Удаляясь, он услышал, как женщина что-то крикнула пронзительным голосом, громкость которого была удивительно точно соразмерена с расстоянием, и понял, что в краале его будут ждать. Они встретят его с напускным спокойствием, и лица их превратятся в маски. Он ничего не увидит за добрым взглядом старческих глаз Но-Ингиля, главы семьи, человека, которого он высоко ценил в самых сокровенных тайниках своей души, который наполнил его сердце горячей привязанностью и преданностью и никогда не требовал взамен ничего, кроме права гордиться им, Томом, как своим родным сыном. Его будет ждать старшая жена Но-Ингиля, Коко, которую Том называл бабушкой. Она всегда озадачивала его, — в глубине ее черных смеющихся глаз таилось что-то недосказанное, когда она беседовала с ним на языке добродушного подшучивания и намеков.

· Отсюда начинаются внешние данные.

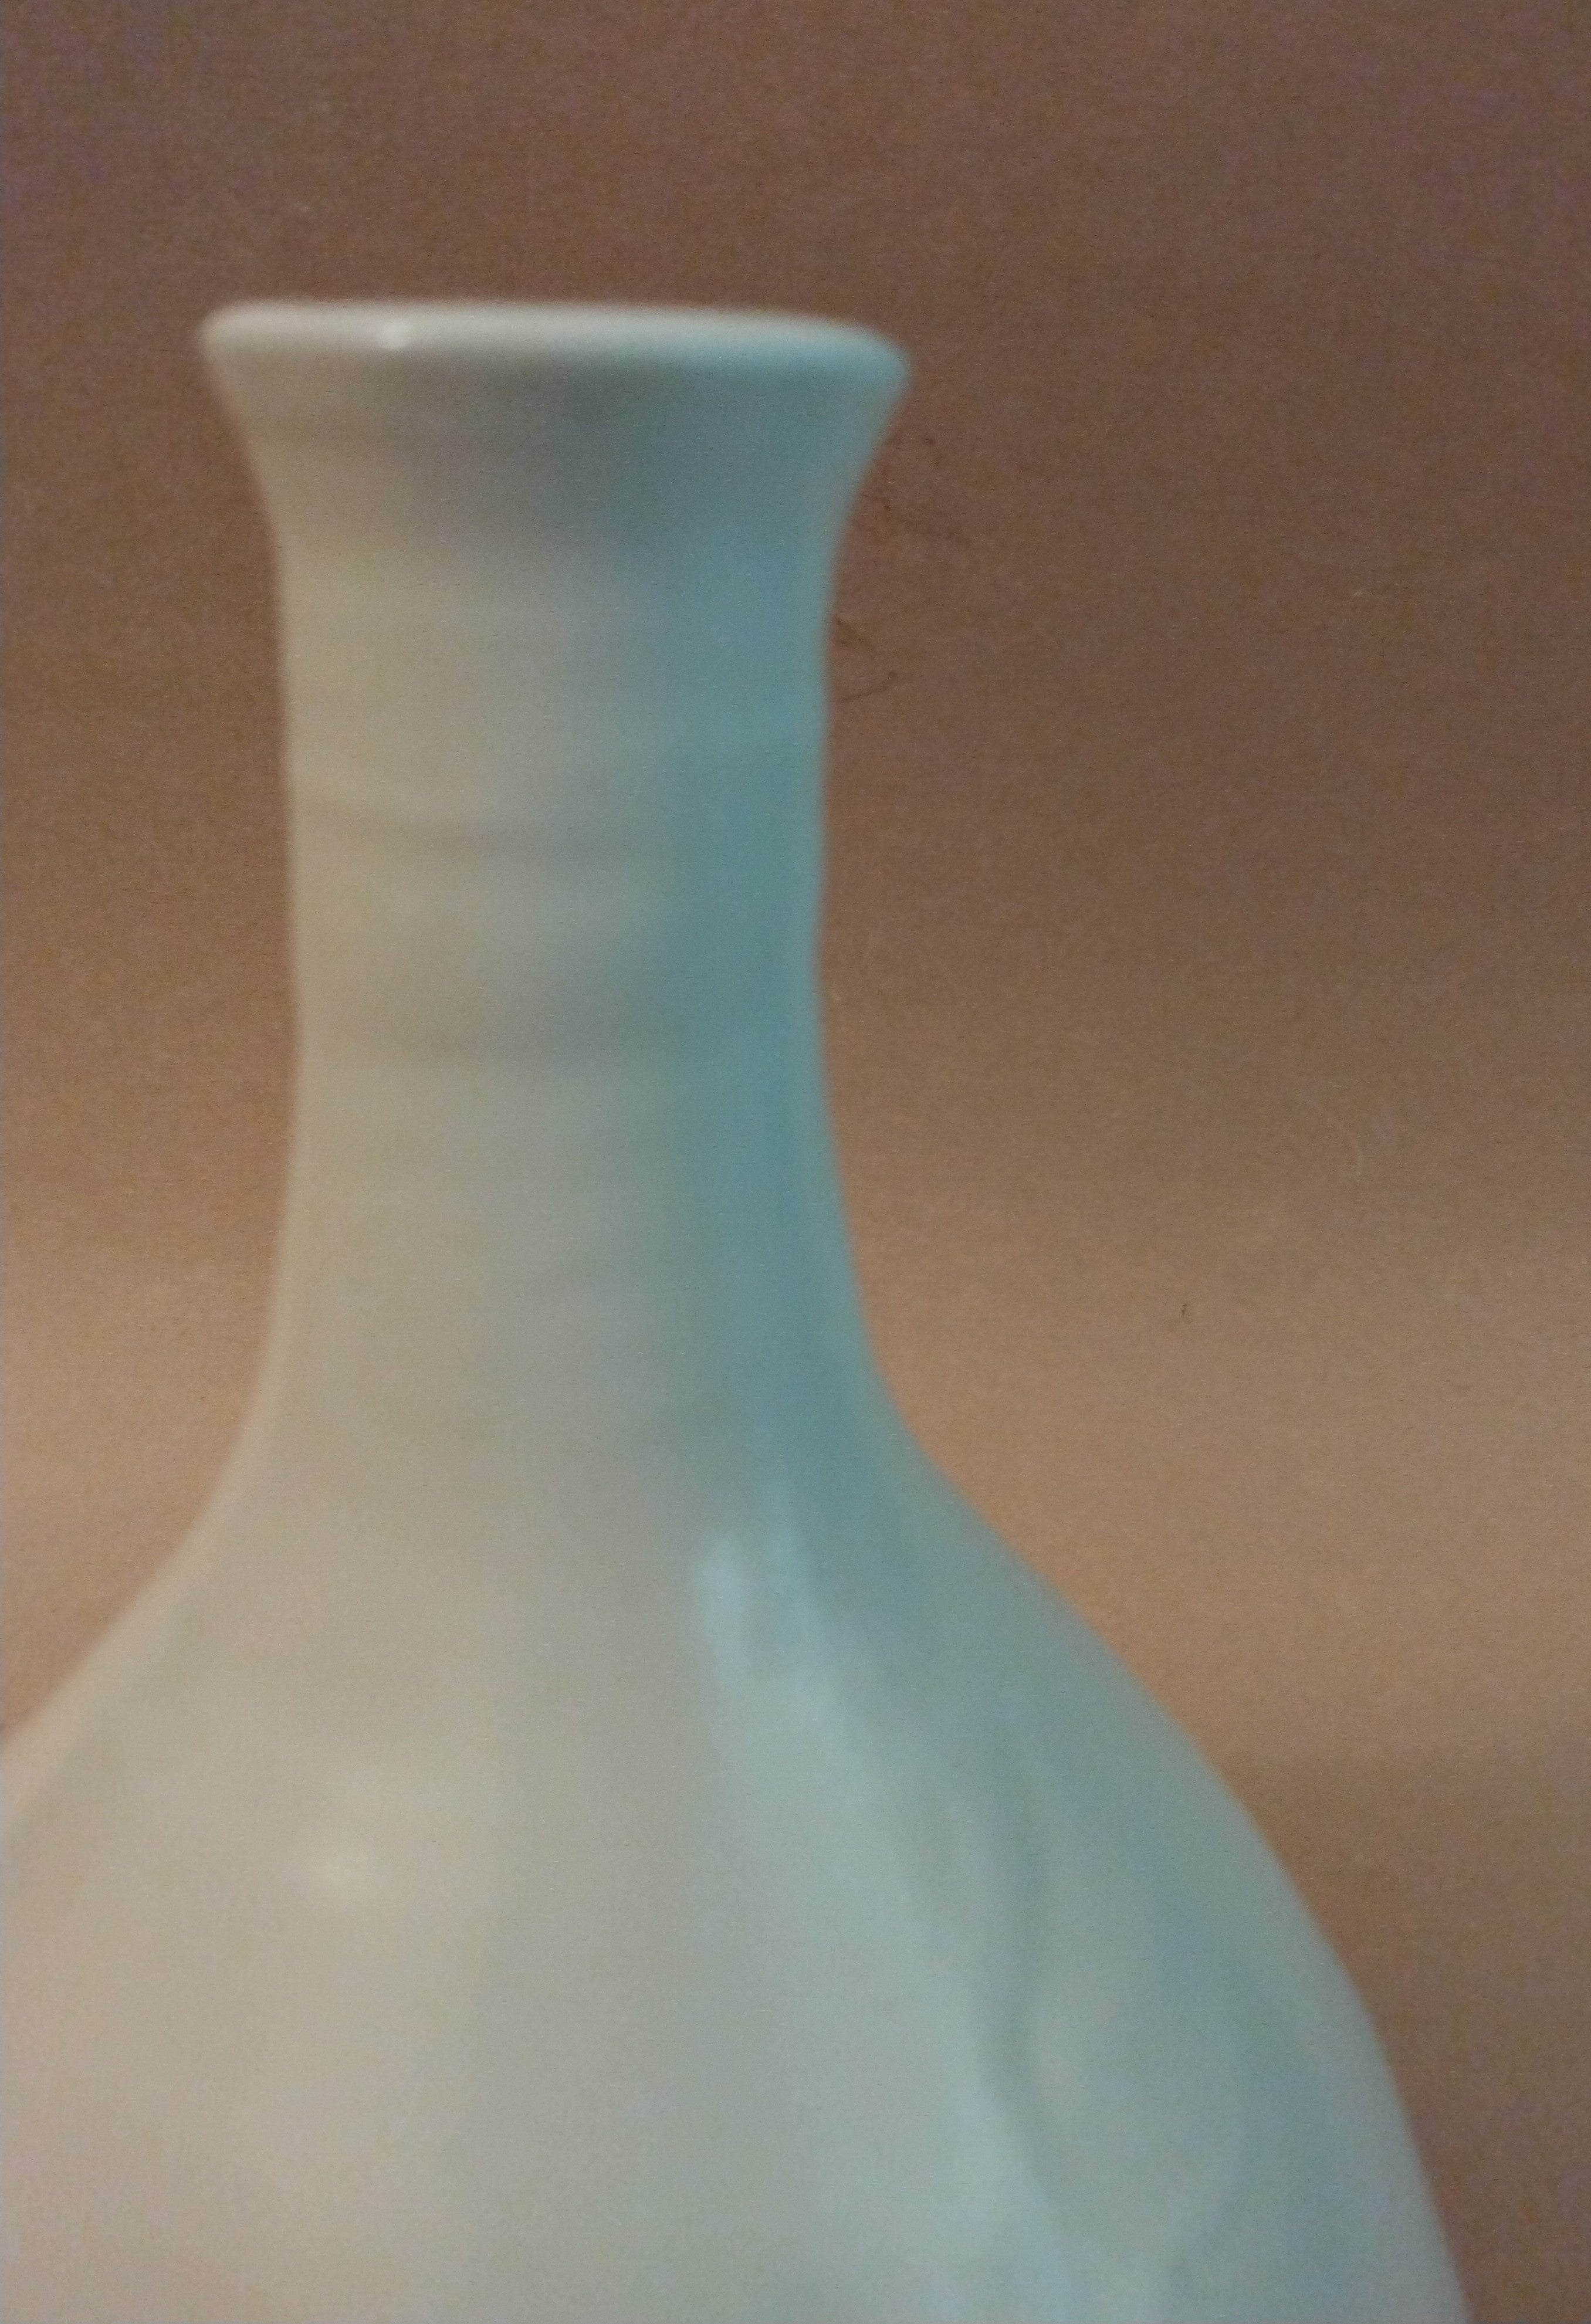 20% donated to Maui Wildfire Relief - Long-neck Vase by Sachiko Furuya

Старый Но-Ингиль встал и поздоровался с ним, добавив к его имени слово похвалы, — Том-вимбиндлела — Том — хранитель дороги. Они вместе подошли к загону и остановились возле него, глядя, как низкорослая пестрая корова ласково вылизывает родившегося накануне теленка.
— Я назову его Полуденным Солнцем, потому что в этот час ты пришел порадовать мое сердце. Он вырастет в могучего быка, и жирный подгрудок его будет касаться травы.

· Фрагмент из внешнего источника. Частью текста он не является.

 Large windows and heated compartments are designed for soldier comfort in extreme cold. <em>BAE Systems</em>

Том засмеялся, припомнив счастливые дни своего детства, проверенные в Краю Колючих Акаций. Затем в памяти снова возникло увиденное на дороге, это зловещее предзнаменование — заколотая свинья.
— Не все хорошо, Но-Ингиль, — сказал он.
— Не все хорошо, — беззвучно повторил старик.
Казалось, их разделила стена холода, вырвавшегося откуда-то из-под земли.
— Коко здорова?
Старик повернулся и пошел к хижине. Он расположился на циновке под палящими лучами солнца и усадил Тома рядом с собой на чурбан. Из-за стен куполообразных, крытых соломой хижин выглядывали дети, а в полутемных и невысоких оконных отверстиях видны были головы женщин.